Here is a list aimed at children:

http://www.amazon.co.uk/b?node=358934031

I also had a Classical Experience tape when I was young which I liked:

http://www.amazon.co.uk/s/ref=nb_sb...,n:499368,n:358934031,k:Classical+experience+

If it was me, I'd put the music on and pretend I'm listening to it but make sure she is nearby, so that way there's no pressure for her to enjoy it. Or put it on while we're doing something together. Once she is definitely into it, then would be the time to introduce other things or for her to explore. But it would be a shame if she felt she had to like something that's quite 'difficult' and felt she had failed. Better to start with the more melodious, inviting pieces I'd say. But who knows, maybe she will take to something different to what I'm thinking. The cds that have a variety of different composers I think would be good.

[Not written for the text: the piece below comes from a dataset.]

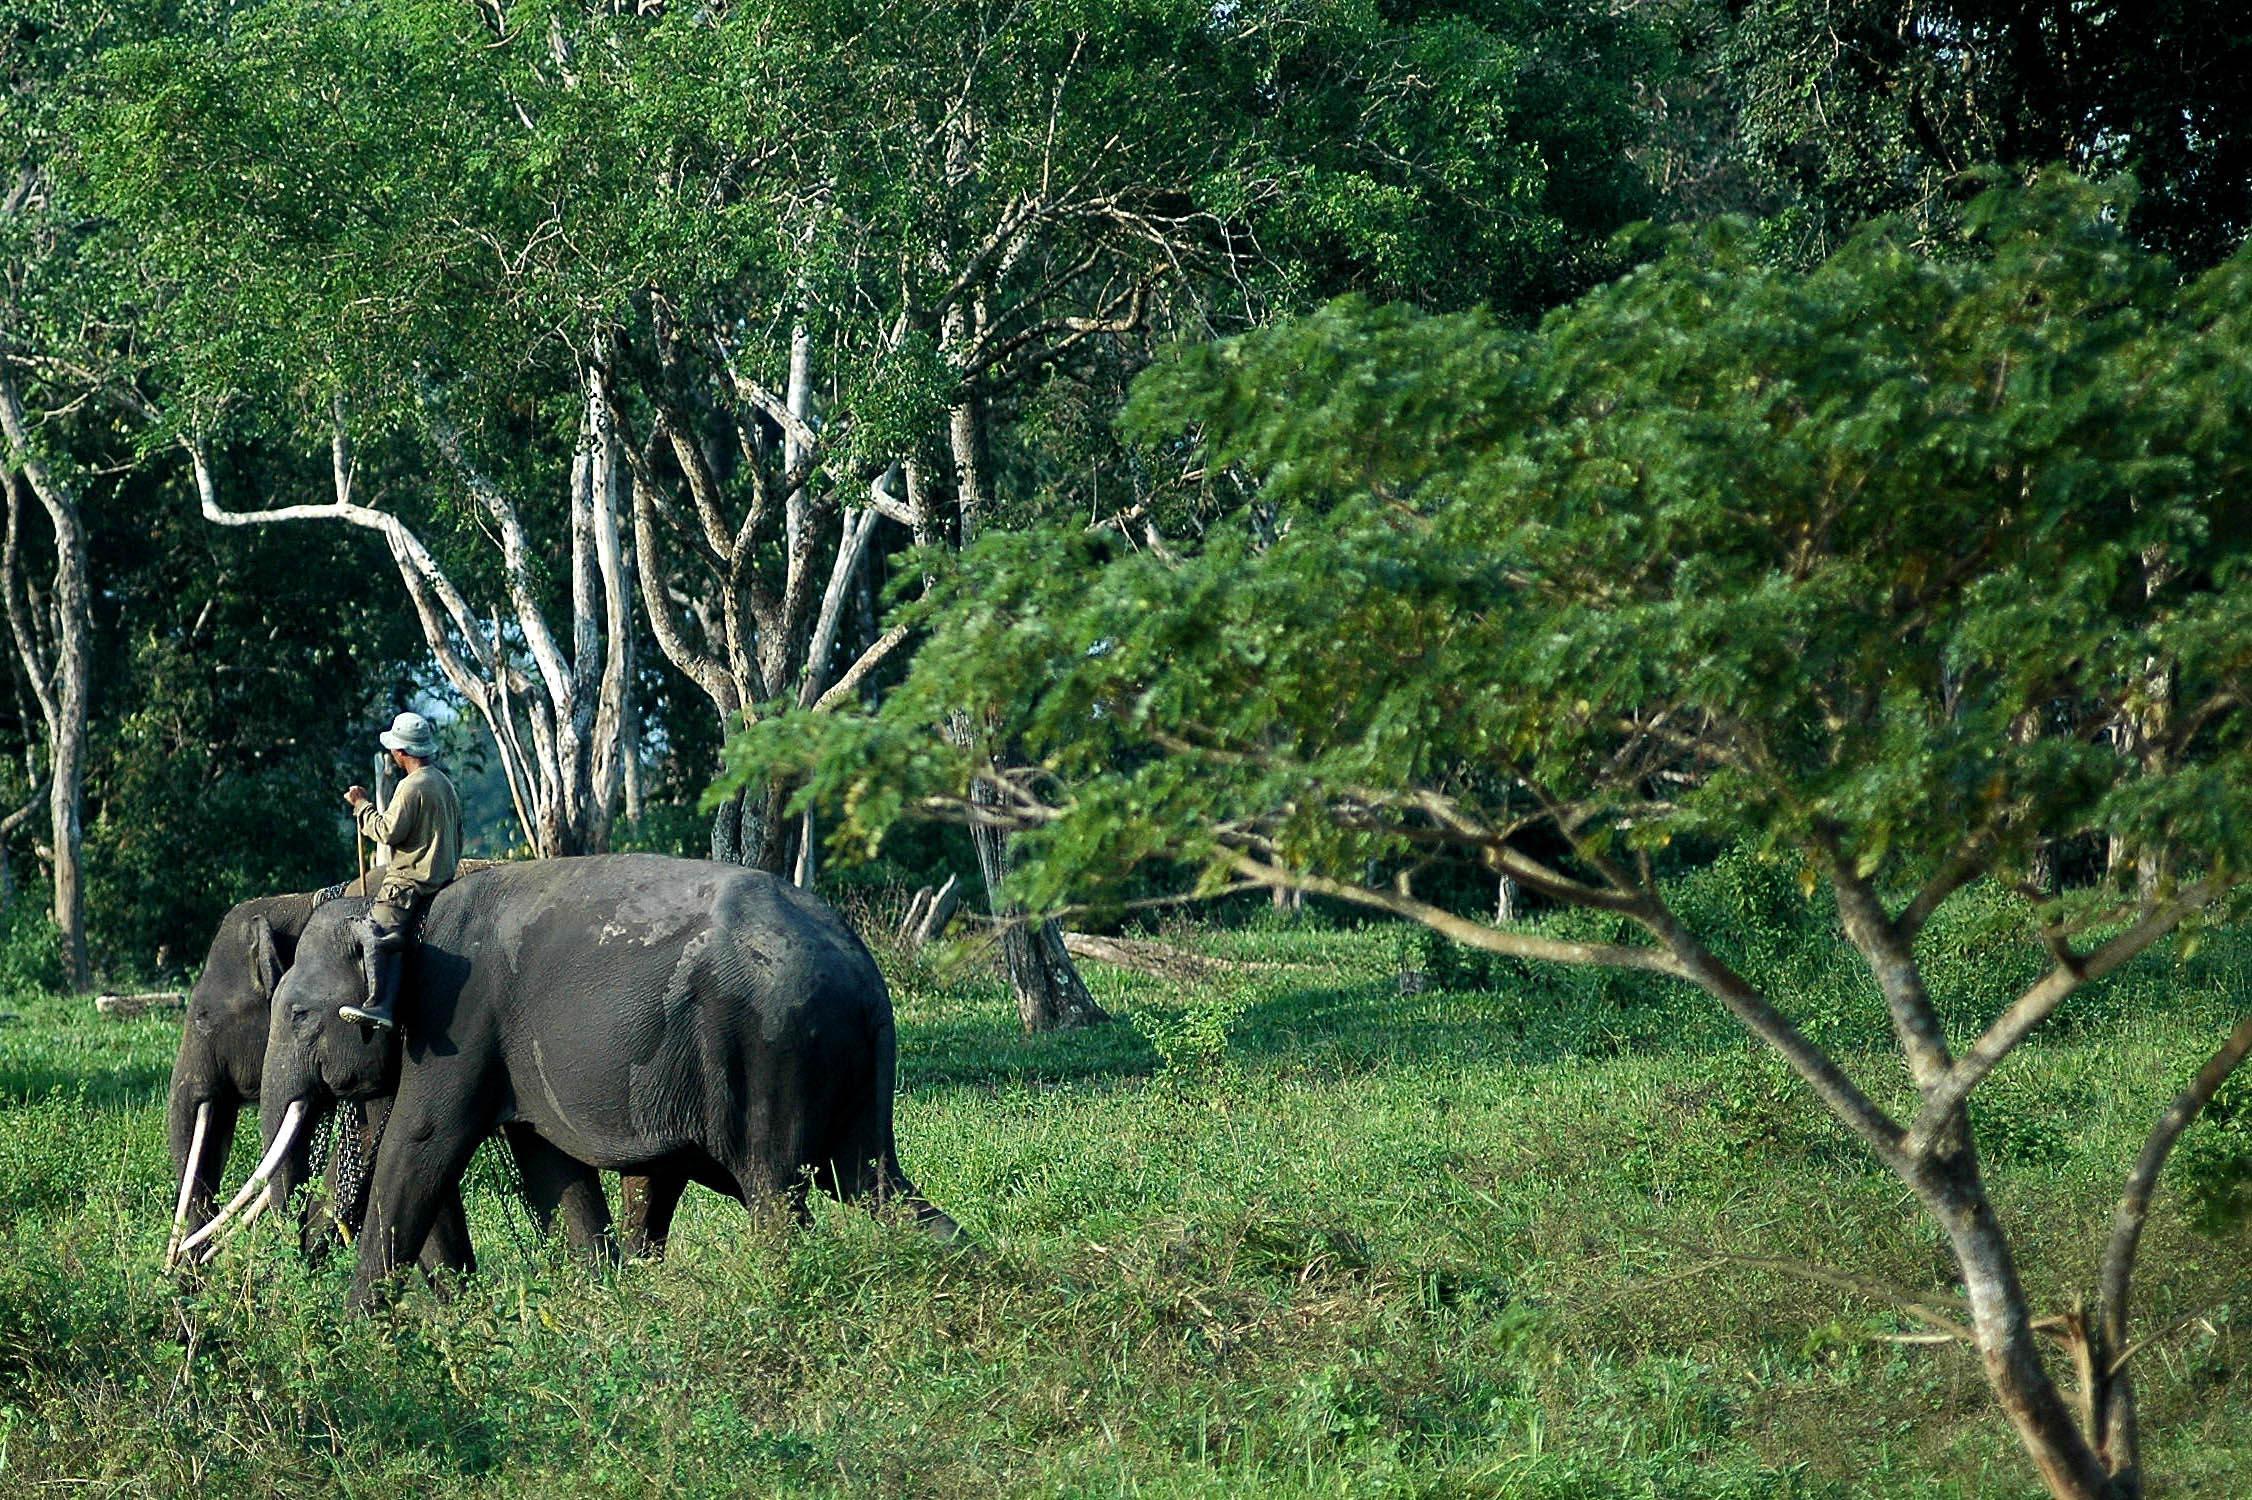 Tempat Wajib Kunjungi Lampung Toko Mesin Kota Bisa Taman Nasional

I think the Nutcracker is a good one to see and this is the right time of year for it.


----------



## trazom (Apr 13, 2009)

I wish my parents encouraged me to listen to classical music. In my case, I'm the one encouraging them.


----------



## EdwardBast (Nov 25, 2013)

Definitely take her to the ballet and symphony concerts since she has asked, and try to gear them to whatever she has revealed about her tastes. But the best way to encourage her might be to stop thinking about her so much and just let her see you continuing your exploration. Listen to music you like and that you think she might like too, and let your enthusiasm for your favorites show. As far as appreciation goes, makes sure there is never a whiff of "Do as I say, not as I do."


----------